Using attachments extractors
In the section Using readers we already got the attachments of the file along with its other contents. If there is a need to extract attachments without reading the whole content of the document, one can use dedoc.attachments_extractors.
For example, in the document example we can use DocxAttachmentsExtractor
.
attachments_extractor = DocxAttachmentsExtractor()
Method can_extract()
allows to check if the attachments extractor can extract attachments from the given file:
attachments_extractor.can_extract(file_path) # True
Since we have checked if the extractor can extract attachments from the file,
we can extract them it using extract()
method:
attachments = attachments_extractor.extract(file_path)
attachments[0] # <dedoc.data_structures.AttachedFile>
As we see, attachment extractors return the same list of AttachedFile
,
as in the attribute attachments
of the UnstructuredDocument
,
that we can get via readers (see Using readers).
See also
dedoc.attachments_extractors contains more information about available extractors, their methods and parameters.
Using structure extractors
After sections Using readers and Using metadata extractors we got an intermediate representation of the document content and its metadata.
The next step is to extract document structure, i.e. to find the HierarchyLevel
for each document line.
This class contains information about the type and the level of the line (or its importance in the document).

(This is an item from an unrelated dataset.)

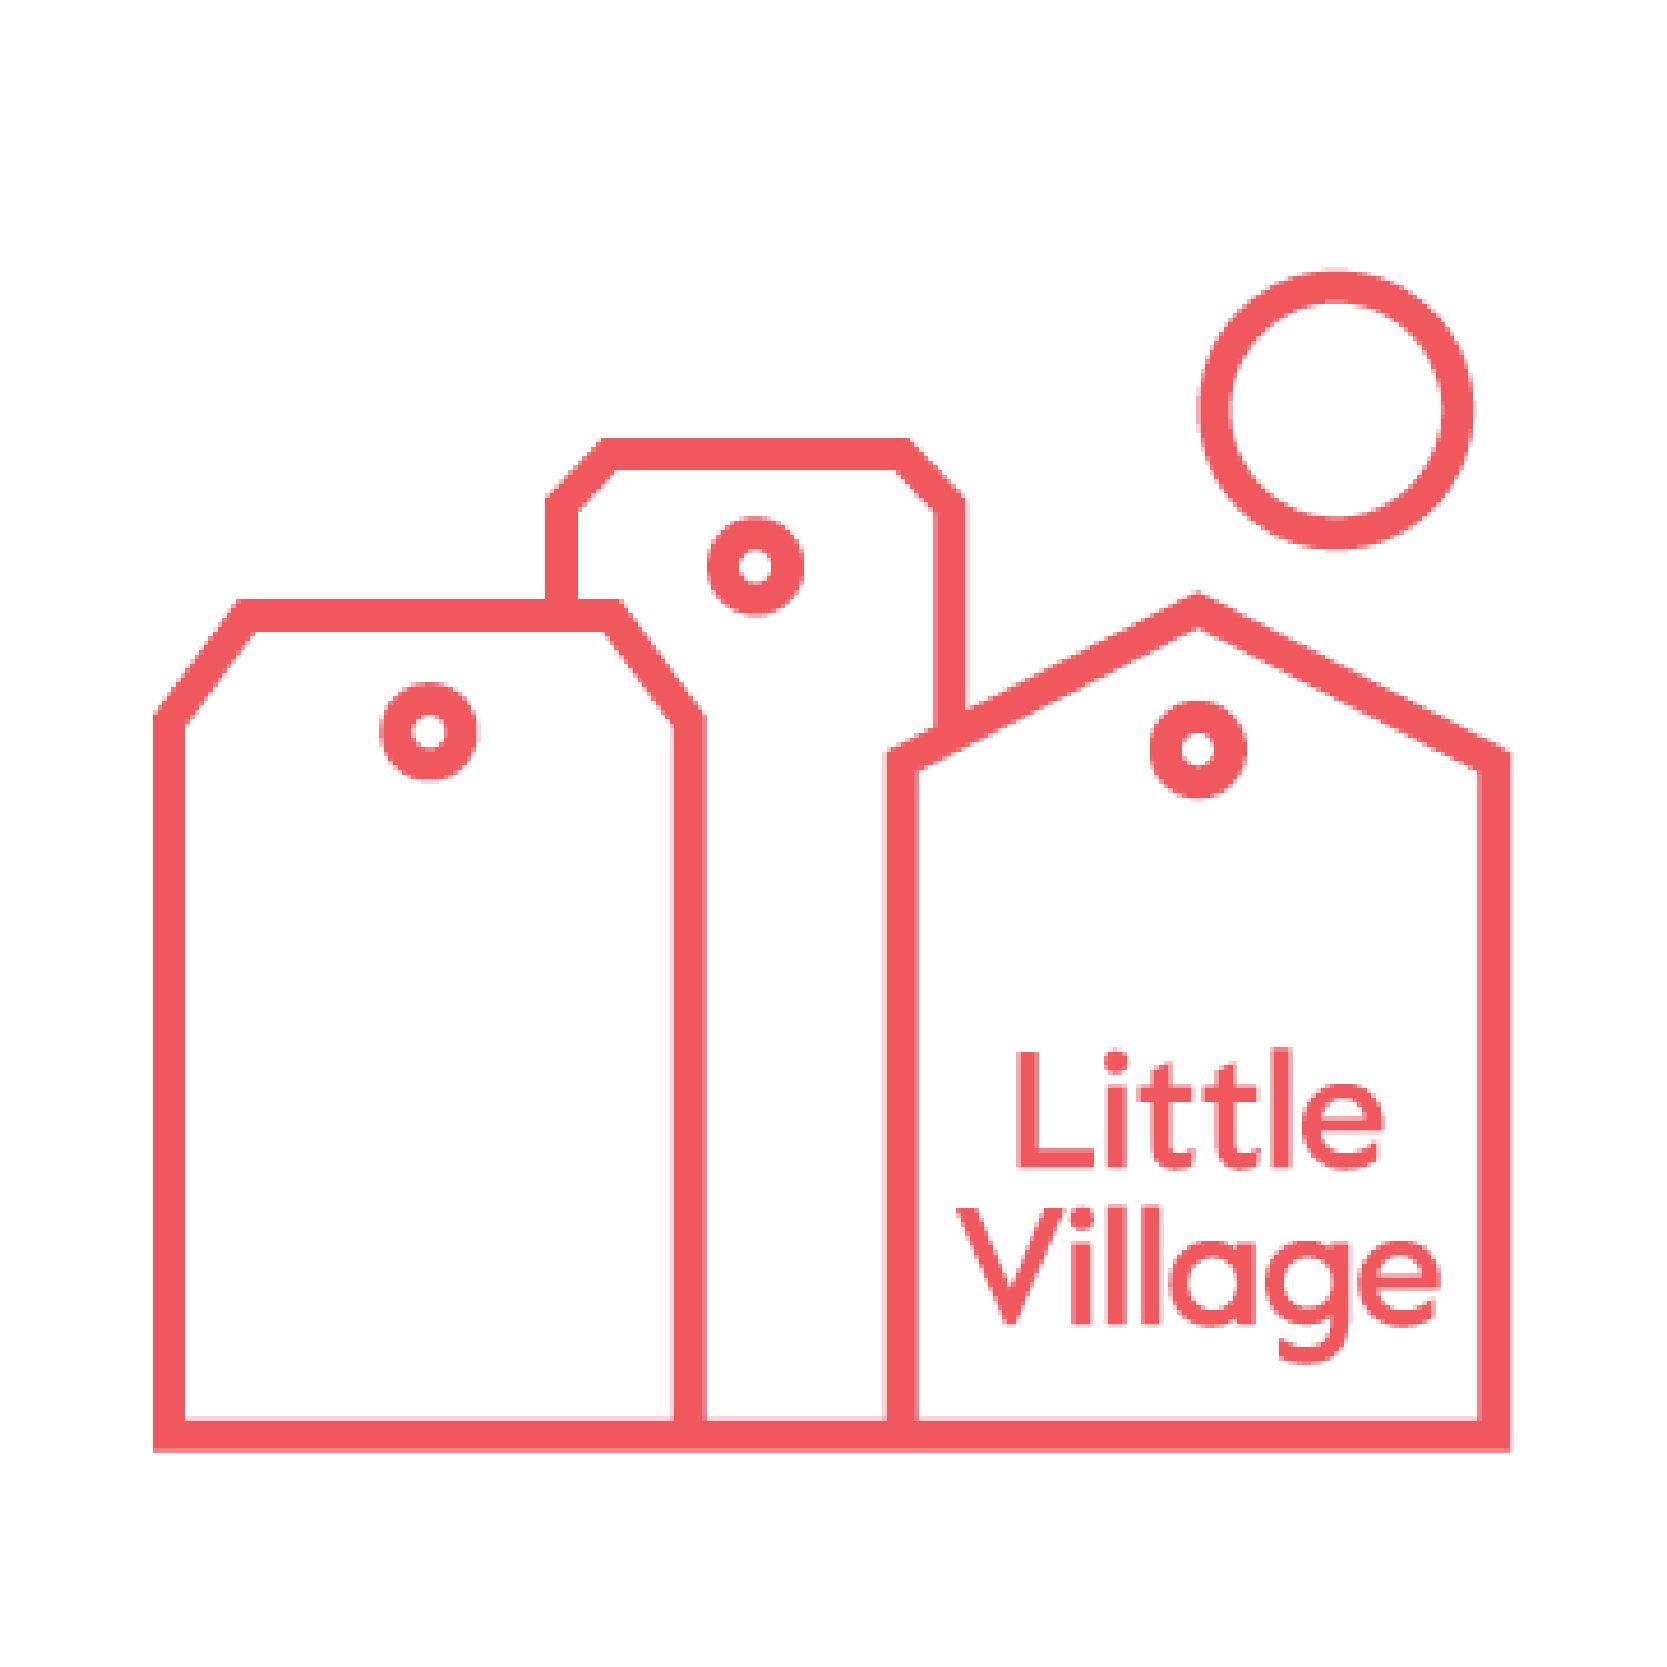 Little village square logo

Let’s extract the default structure based on the document styles:
structure_extractor = DefaultStructureExtractor()
document.lines[0].metadata.hierarchy_level # None
document = structure_extractor.extract(document)

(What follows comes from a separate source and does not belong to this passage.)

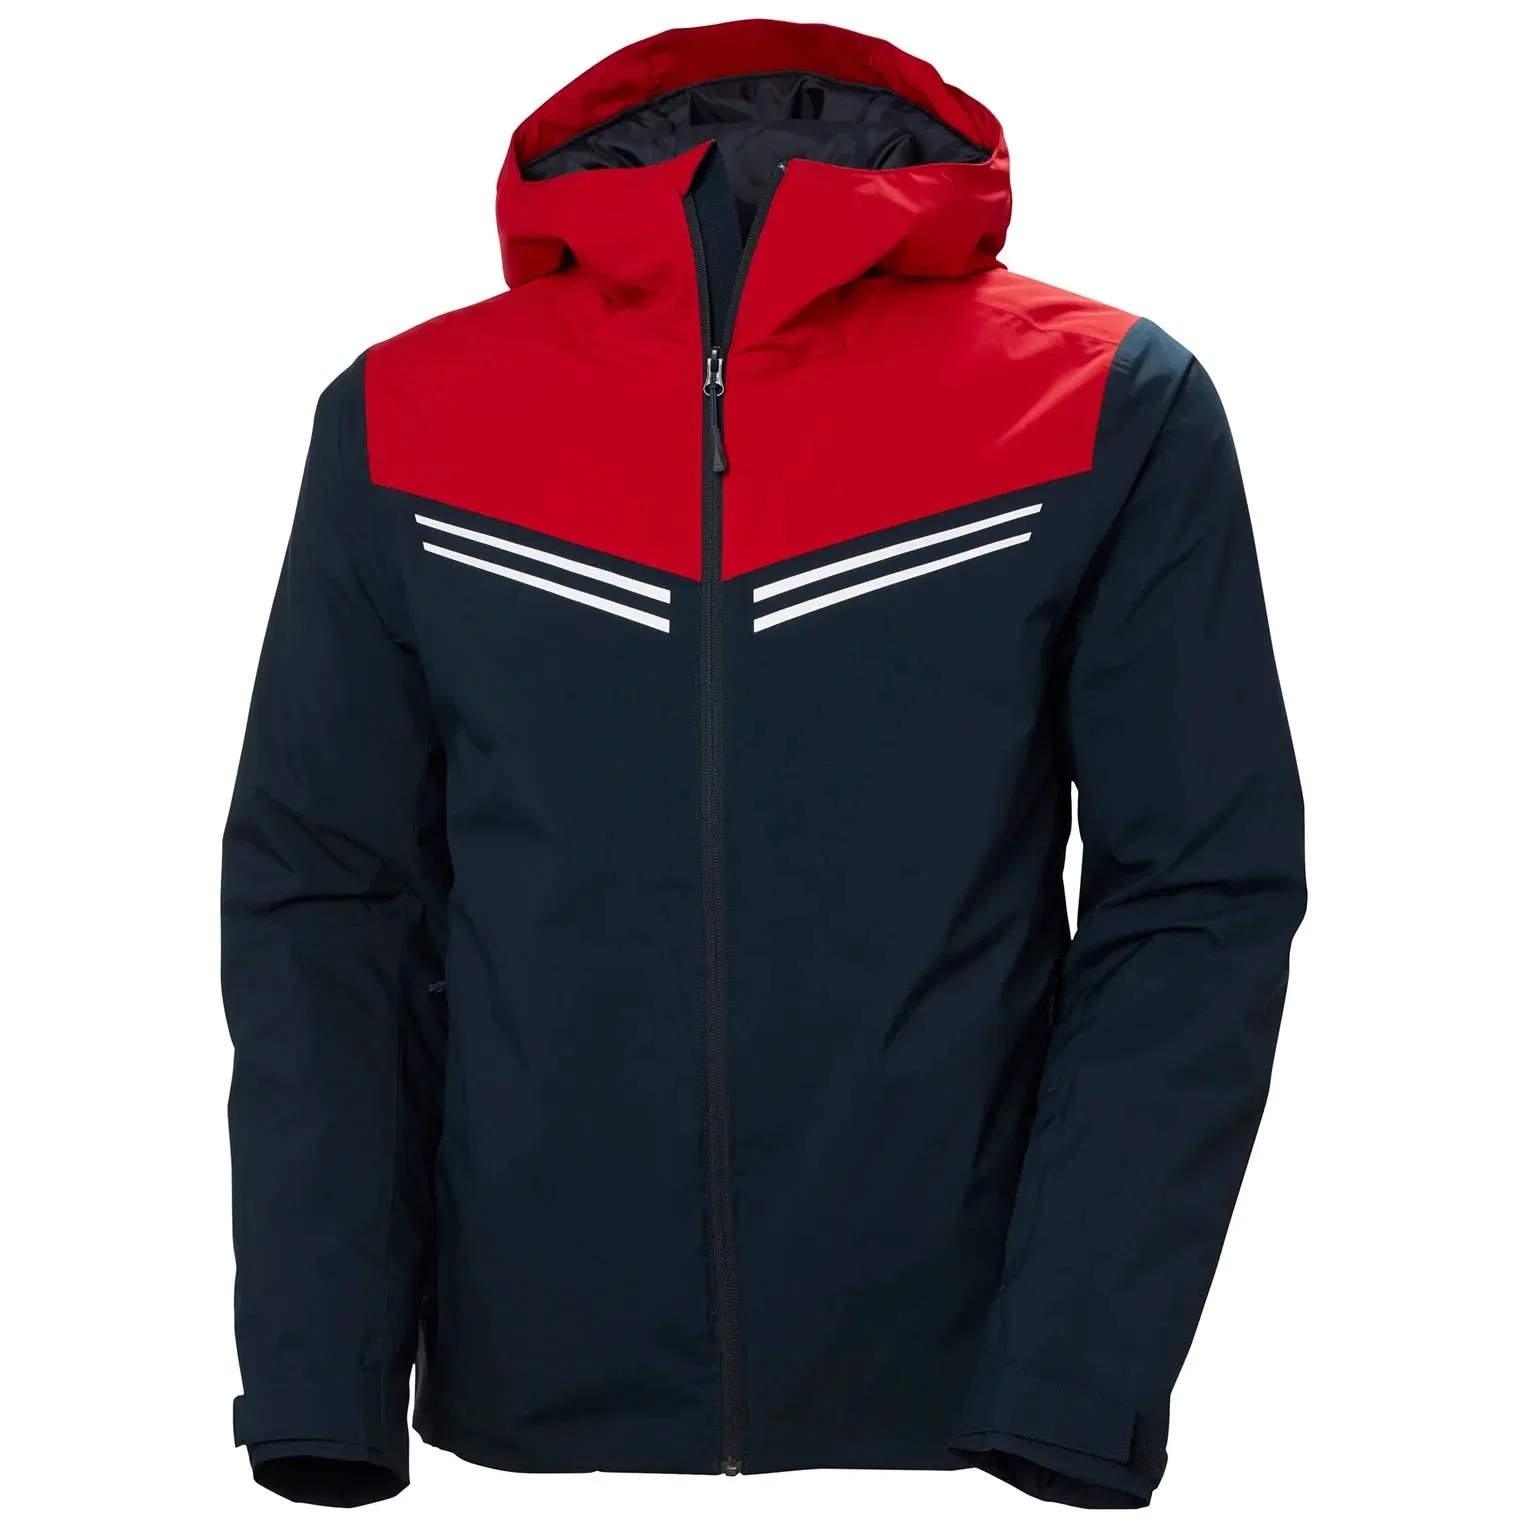 Novo casaco impermeável para desporto impermeável de moda térmica para homem novo Wear Ski Jacket

document.lines[0].metadata.hierarchy_level # HierarchyLevel(level_1=1, level_2=1, can_be_multiline=False, line_type=header)
As we see, the hierarchy_level
has been filled.
See also
See Default document structure type for more details about the default document structure. Use dedoc.structure_extractors to get the information about available structure extractors, their methods and parameters.
Using structure constructors
After we got the document content with hierarchy levels of each line (see Using readers, Using metadata extractors and Using structure extractors),
it’s possible to make the result class ParsedDocument
.
Let’s construct the tree structure of the document:
constructor = TreeConstructor()
parsed_document = constructor.construct(document)
parsed_document # <dedoc.data_structures.ParsedDocument>
list(vars(parsed_document)) # ['metadata', 'content', 'attachments', 'version', 'warnings']
As we see, parsed document has similar attributes as UnstructuredDocument
.
The main difference is in the content
attribute, that contains hierarchical document structure and tables.
list(vars(parsed_document.content)) # ['tables', 'structure', 'warnings']
list(vars(parsed_document.content.structure)) # ['node_id', 'text', 'annotations', 'metadata', 'subparagraphs', 'parent']
parsed_document.content.structure.subparagraphs[0].text # Document example
To get more information about ParsedDocument
, DocumentContent
and other classes, that form the output format, see dedoc.data_structures.
See also
See dedoc.structure_constructors for the description of available structure constructors and structure types. The description of API output JSON format also may be useful.
Run the whole pipeline
For running the whole pipeline with all readers, metadata and structure extractors, structure constructors, one may use manager class (see Dedoc pipeline for more details).
manager = DedocManager()
result = manager.parse(file_path=file_path)
result # <dedoc.data_structures.ParsedDocument>
result.to_api_schema().model_dump() # {'content': {'structure': {'node_id': '0', 'text': '', 'annotations': [], 'metadata': {'paragraph_type': 'root', ...
Manager allows to run workflow (see Workflow) for a file of any format supported by dedoc (see Supported documents formats and the reader’s output).
One can also make a custom config
and manager_config
(parameters of the manager constructor) for more flexible usage of the library.